Gejala dan tanda klinis utamanya berhubungan dengan saluran napas, pencernaan, dan CNS.
Awalnya penderita akan segera batuk, tersedak, dan mungkin muntah, meskipun jumlah yang

tertelan hanya sedikit. Sianosis, distress pernapasan, panas badan, dan batuk persisten dapat

terjadi kemudian. Pada anak yang lebih besar mungkin mengeluh rasa panas pada lambung dan

muntah secara spontan. Gejala CNS termasuk lethargi, koma, dan konvulsi. Pada kasus yang

gawat, pembesaran jantung, atrial fibrilasi, dan fatal ventrikular fibrilasi dapat terjadi. Kerusakan

ginjal dan sumsum tulang juga pernah dilaporkan. Gejala lain seperti bronchopneumonia, efusi

pleura, pneumatocele, pneumomediastinum, pneumothorax, dan subcutaneus emphysema. Tanda

lain seperti rash pada kulit dan dermatitis bila terjadi paparan pada kulit. Sedangkan pada mata

akan terjadi tanda-tanda iritasi pada mata hingga kerusakan permanen mata.

c. Baygon

Baygon adalah insektisida kelas karbamat, yaitu insektisida yang berada dalam golongan

propuxur. Penanganan keracunan Baygon dan golongan propuxur lainnya adalah sama. Contoh

golongan karbamat lain adalah carbaryl (sevin), pirimicarb (rapid, aphox), timethacarb (landrin)

dan lainnya.

Gejala keracunan sangat mudah dikenali yaitu diare, inkontinensia urin, miosis, fasikulasi

otot, cemas dan kejang. Miosis, salvias, lakrimasi, bronkospasme, keram otot perut, muntah,

hiperperistaltik dan letargi biasanya terlihat sejak awal. Kematian biasanya karena depresi

pernafasan.

Efek muskarinik (parasimpatik) berupa: miosis (pinpoint), Hipersalivasi, lakrimasi, Hipersekresi

bronchial, Bronkospasme, Hiperperistaltik : mual, muntah, diare, kram perut., Inkontinensia urin,

Pandangan kabur, Bradikardi


Efek nikotinik berupa: fasikulasi otot, kejang, kelumahan otot, paralysis, ataksia, takikardi

(hipertensi).
Efek SSP berupa: sakit kepala, bicara ngawur, bingung, kejang, koma, dan depresi pernafasan.
Efek pada kardiovaskular bergantung pada reseptor mana yang lebih dominan.
d. Bahan kimia umum ( Chemical toxicants ) yang terdiri dari berbagai golongan seperti pestisida (

organoklorin, organofosfat, karbamat ), golongan gas (nitrogen metana, karbon monoksida,

klor ), golongan logam (timbal, posfor, air raksa,arsen) ,golongan bahan organik ( akrilamida,

anilin, benzena toluene, vinil klorida fenol ).
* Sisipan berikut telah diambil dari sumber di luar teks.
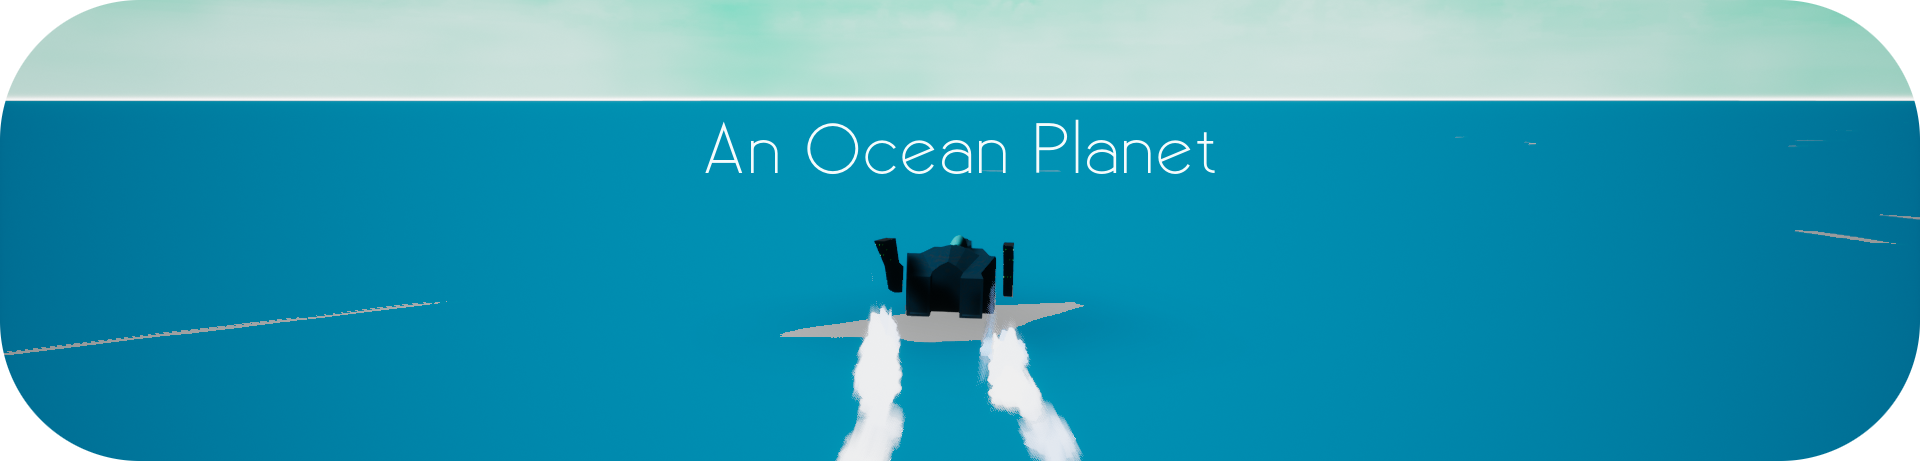 An Ocean Planet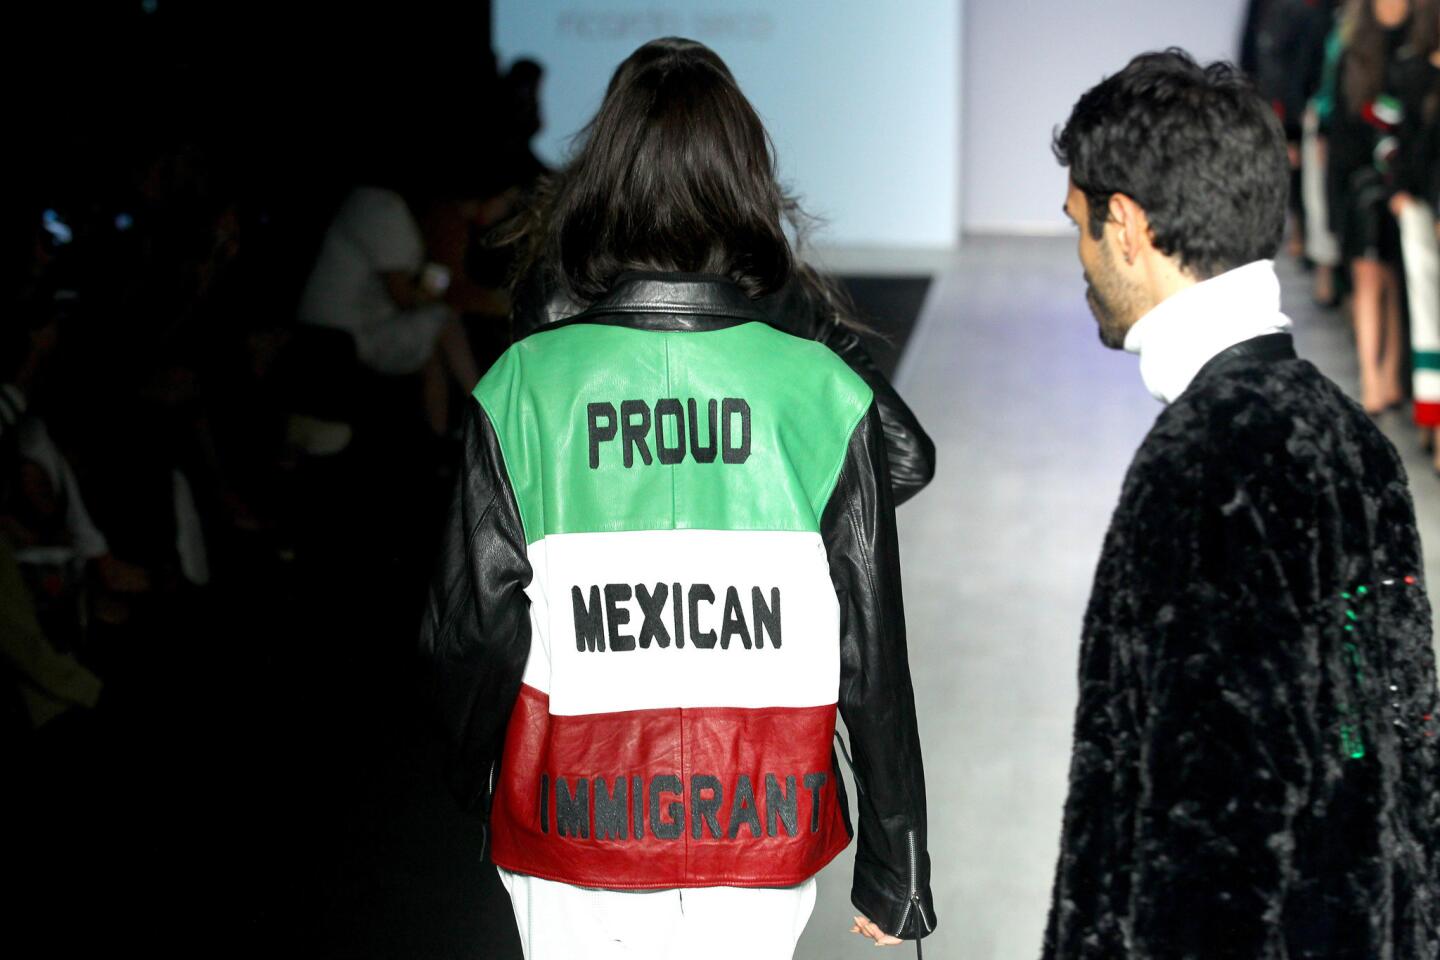 Los símbolos y colores mexicanos se entremezclan con expresiones en inglés como 'Proud mexican immigrant' (orgulloso inmigrante mexicano).

e. Racun yang dihasilkan oleh makluk hidup ( Biological toxicants ) mis : sengatan serangga,

gigitan ular berbisa , anjing dll (Djoko Widodo, 2013).

C. PATOFISIOLOGI
Penyebab terbanyak keracunan adalah pada sistem saraf pusat dengan akibat penurunan

tingkat kesadaran dan depresi pernapasan. Fungsi kardiovaskuler mungkin juga

terganggu,sebagian karena efek toksik langsung pada miokard dan pembuluh darah perifer,dan

sebagian lagi karena depresi pusat kardiovaskular diotak.Hipotensi yang terjadi mungkin berat

dan bila berlangsung lama dapat menyebabkan kerusakan ginjal,hipotermia terjadi bila ada

depresi mekanisme pengaturan suhu tubuh. Gambaran khas syok mungkin tidak tampak karena
adanya depresi sistem saraf pusat dan hipotermia, Hipotermia yang terjadi akan

memperberat syok,asidemia,dan hipoksia (Brunner and Suddarth, 2010).


D. MANIFESTASI KLINIK
1. Rasa terbakar di tenggorokan dan lambung.
2. Pernafasan yang cepat dan dalam, hilang selera makan, anak terlihat lemah.
3. Mual, muntah, haus, buang air besar cair.
4. Sakit kepala, telinga berdenging, sukar mendengar, dan pandangan kabur.
5. Bingung.
6. Koma yang dalam dan kematian karena kegagalan pernafasan
7. Reaksi lain yang kadang bisa terjadi : demam tinggi, haus, banyak berkeringat
bintik merah kecil di kulit dan membran mukosa (Noer Syaifoellah,2006).

E. KOMPLIKASI
a. Kejang
b. Koma
c. Henti jantung
d. Henti napas
e. Syok (Brunner and Suddarth, 2010).
F. PEMERIKSAAN PENUNJANG
1. Laboratorium toksikologi
2. uji darah, urin, isi lambung, atau muntah.
3. foto sinar X abdomen (Noer Syaifoellah,2006).

G. PENATALAKSANAAN
1. Tindakan Emergenci
Airway : Bebaskan jalan nafas, kalau perlu lakukan intubasi.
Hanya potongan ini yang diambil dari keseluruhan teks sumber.